While athletes work hard to keep their bodies in top condition, it's important to take time to relax. People relax by enjoying alcohol with friends or just a casual drink. The amount of alcohol consumed and the tolerance of each individual will determine how it affects them. A few drinks can ruin your hard work, erase the benefits of your workouts, reduce your endurance and compromise your mental fortitude. Keep track of how many drinks you have and how you feel the next day to determine your tolerance.
ALCOHOL'S EFFECTS ON MUSCLE RECOVERY AND DEVELOPMENT
Muscle health is key to athletic success. Science has shown that alcohol can cause muscle damage and even rob you of all your weight training. Here's why:
Impairs muscle growth
Exercise under the influence can increase your risk of injury and cause muscle loss. The effects of long-term alcohol consumption on protein synthesis can lead to a decline in muscle growth. Even short-term alcohol use can affect your muscles.
Dehydrates your body
You want to maximize your athletic performance by speeding up your recovery from sore muscles. This is due to the fact that alcohol can be a diuretic and cause electrolyte imbalances and dehydration. Dehydrated athletes are more susceptible to cramps, muscle pulls and muscle strains.
Prevents muscle recovery
To build bigger muscles, it is important to get enough sleep. Drinking alcohol can adversely affect your sleep patterns and cause your body to lose a chemical called HGH (human growth hormone). Although HGH is essential for building bigger muscles, alcohol can reduce HGH secretion by up to 70%. Also, binge drinking can lower serum testosterone levels. A decrease in testosterone can lead to a decrease in muscle mass and recovery. This can cause performance problems.
Depletes your energy
Your body's water balance can be disrupted when alcohol is absorbed via your small intestine, stomach, and into your cells. An imbalance in water levels in muscle cells can cause them to stop producing adenosine triphosphate (ATP). This is an essential fuel for all cells including our muscles. A decrease in your body's ATP levels can lead to a loss of energy and endurance.
Slower reaction time
Even small amounts of alcohol can cause a slower reaction time and impaired hand-eye coordination. This can not only affect performance but can also increase your chance of injury.

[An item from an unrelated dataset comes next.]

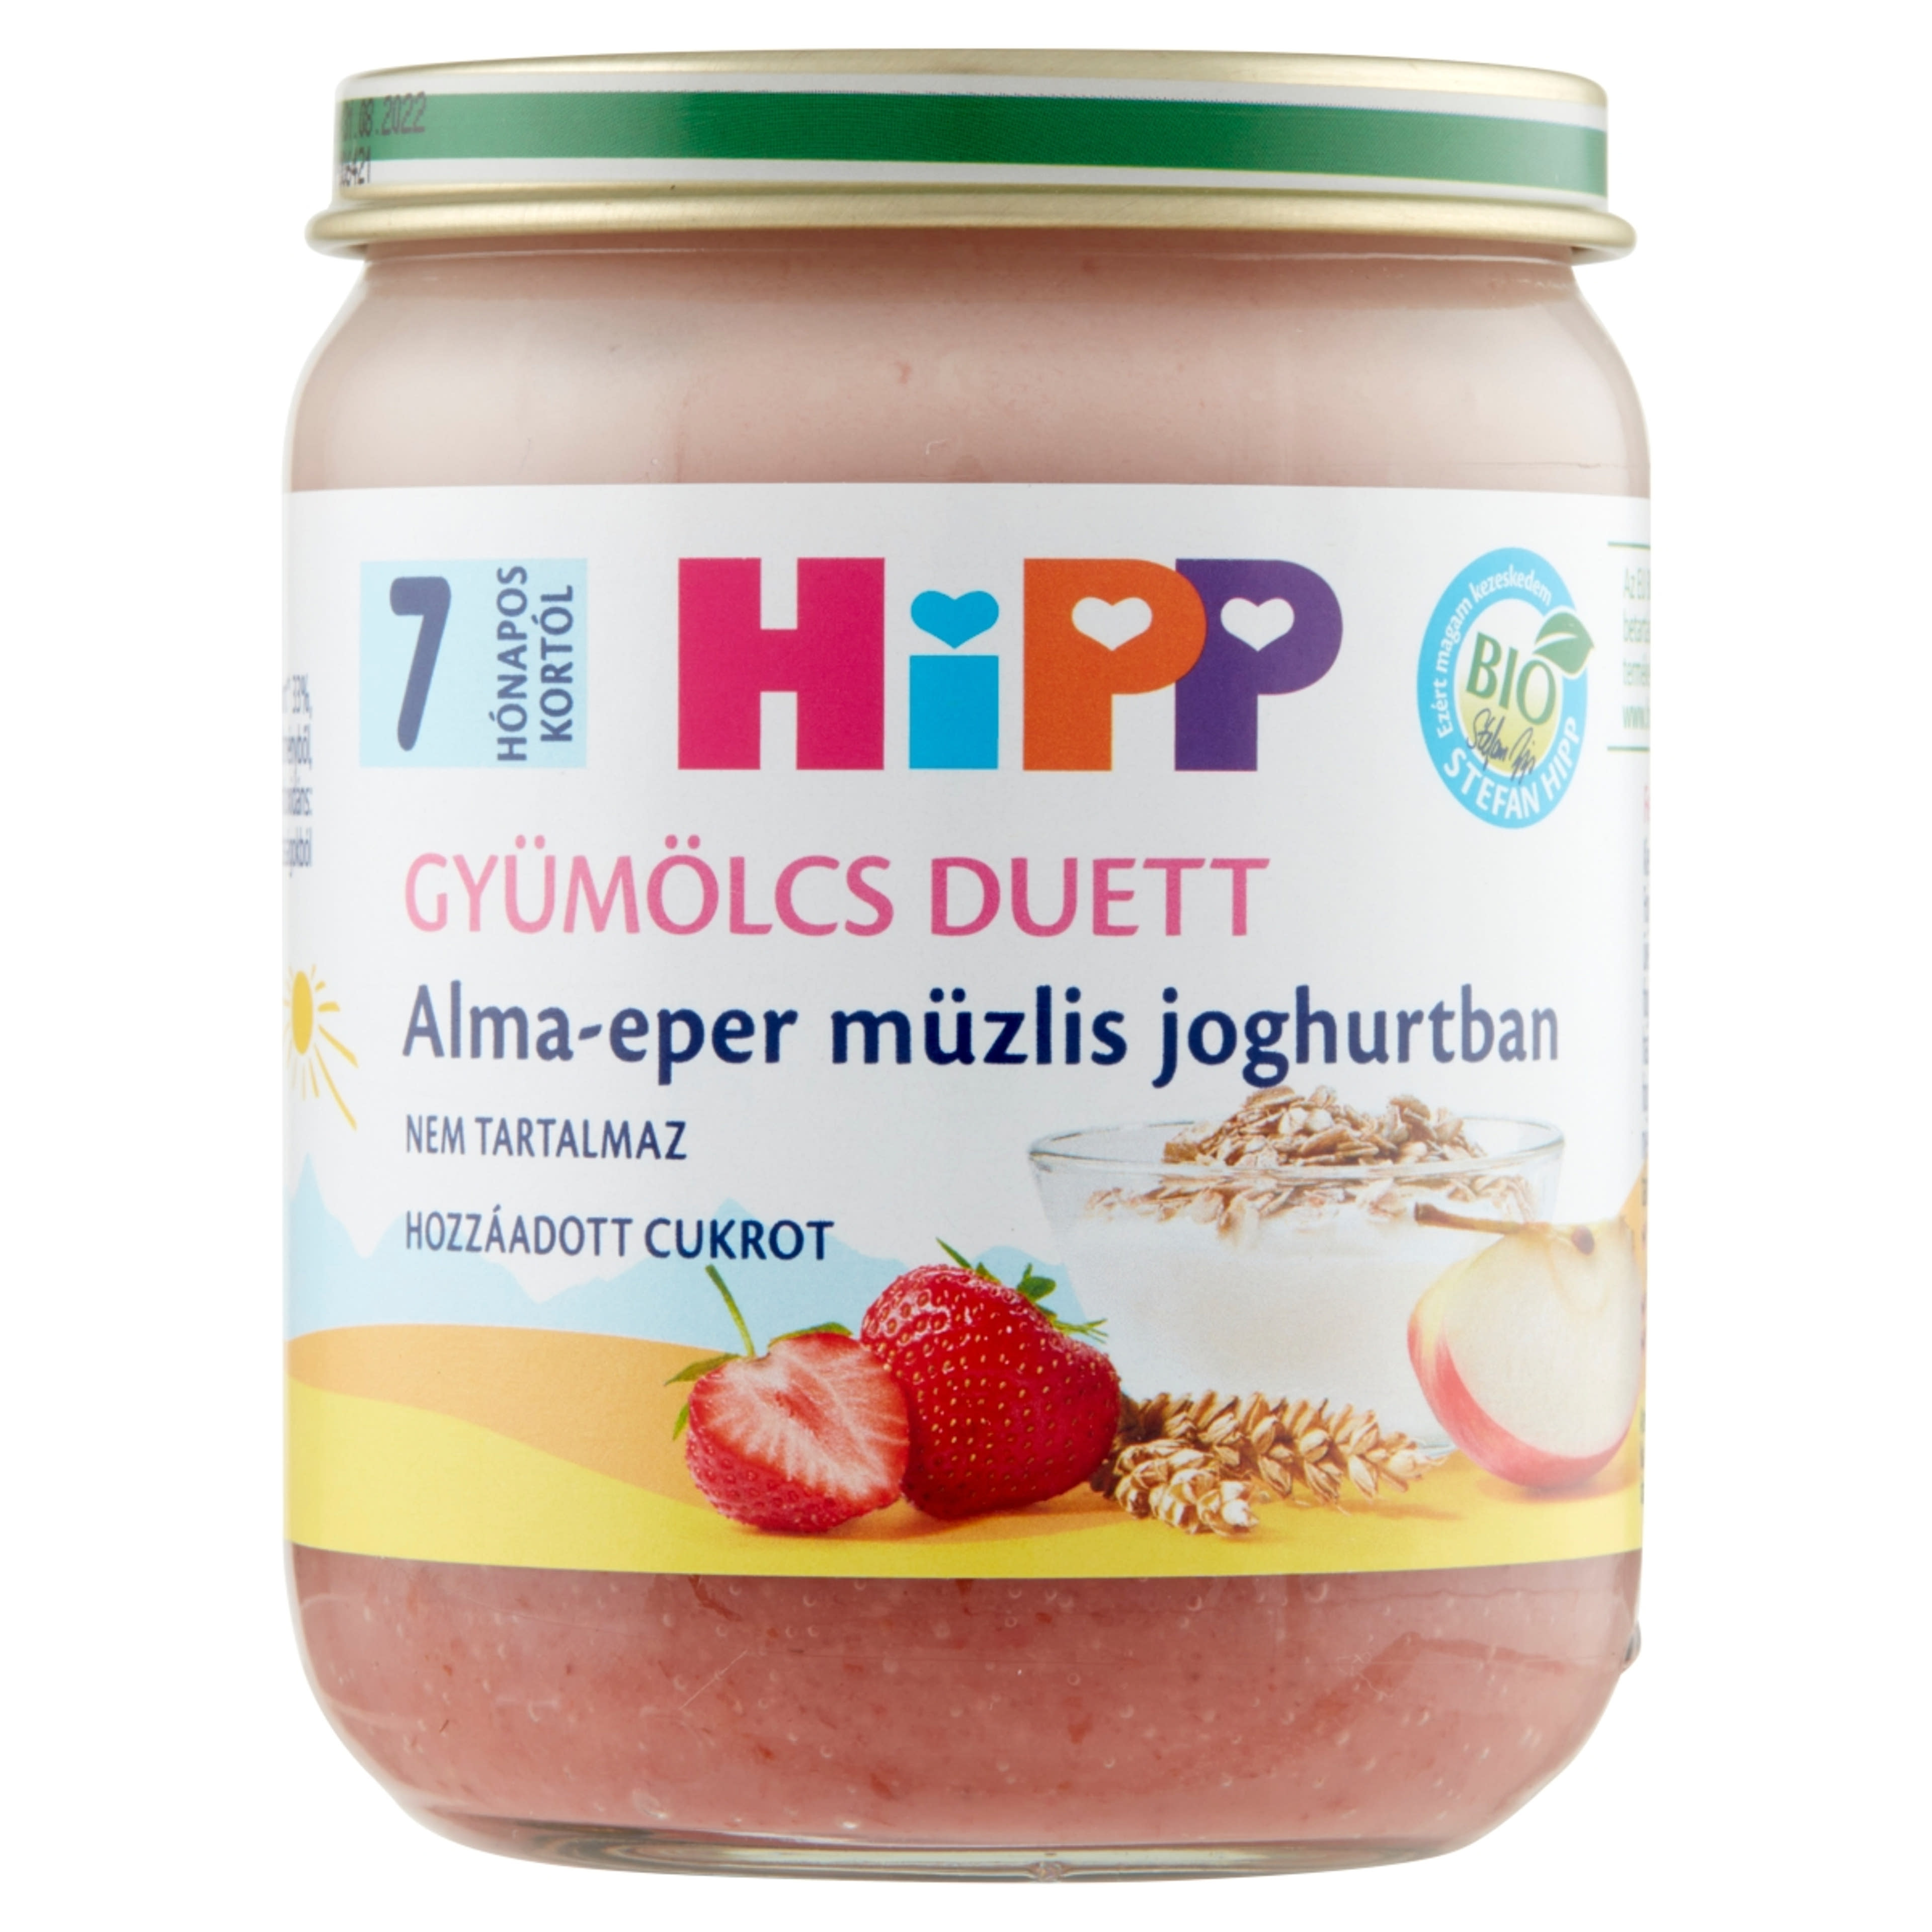 Hipp bio 7 hónapos kortól alma-eper-müzlis joghurtban - 160 g-1

NUTRITIONAL EFFECTS OF ALCOHOL
It cannot be used to produce energy.
Our tendency is to believe that only carbohydrates, proteins, and fat can provide energy in the form of calories. This is not an exhaustive list. Alcohol has 7 calories per Gram (roughly halfway between the calorie values of carbs or fat). Your muscles cannot use alcohol calories as fuel, unlike the calories we get from food. Your body does not convert alcohol calories to glycogen, which is a form of stored carbohydrates. They are therefore not a good source for energy during exercise. Instead, your body converts alcohol energy into fatty acids and stores them within our fat tissue. Alcohol consumption can increase fat storage, which can negatively impact your body's percentage of fat.
It prevents nutrients from being absorbed.
The nutritional value of alcohol is very limited because it is devoid of vitamins and minerals. It also prevents your body from receiving these nutrients from other sources.
Thiamine (vitaminB1): Thiamine plays a role in the metabolism of food into fuel and the formation of hemoglobin. Vitamin B1 is vital for optimal performance because it plays a part in the metabolism of carbohydrates.
Vitamin B12: Vitamin B12 is essential for maintaining healthy nerve cells and red blood cells. Anemia is a condition where alcohol can prevent b12 from being used by your body in key processes.
Folate: Folic Acid is part of a coenzyme that helps in the formation red blood cells. Folic acid deficiency can lead to a lower VO2max which can adversely affect your endurance.
Zinc: Zinc is an essential component of energy metabolism. Your body's zinc resources can be depleted by alcohol, which can lead to a decrease in endurance.
EXERCISE AFTER A HANGOVER
Hangovers can be caused by alcohol toxicity, dehydration and toxic effects of congeners, which are found in many alcoholic beverages. You've likely experienced the symptoms of nausea and soreness, depression, headaches, and a promise to stop drinking alcohol again if you have ever had a hangover. These symptoms can cause a decrease in athletic performance, and even a 11% reduction in aerobic performance. If you feel nauseous, you should not exercise. It can increase your chances of injury and dehydrate you further.
As alcohol affects the hand-eye coordination, imagine yourself playing cricket and misjudging how far you are from the ball. You will find it difficult to make quick decisions on the court or field because of your inability to think clearly. This could lead to devastating consequences for you and your team. You are more likely to get cramps, pulls, and strains if you drink alcohol, regardless of what sport or activity it is. It is important to remember that alcohol can impact bone growth and make it more difficult to repair bone damage if you are injured. Your career can be affected.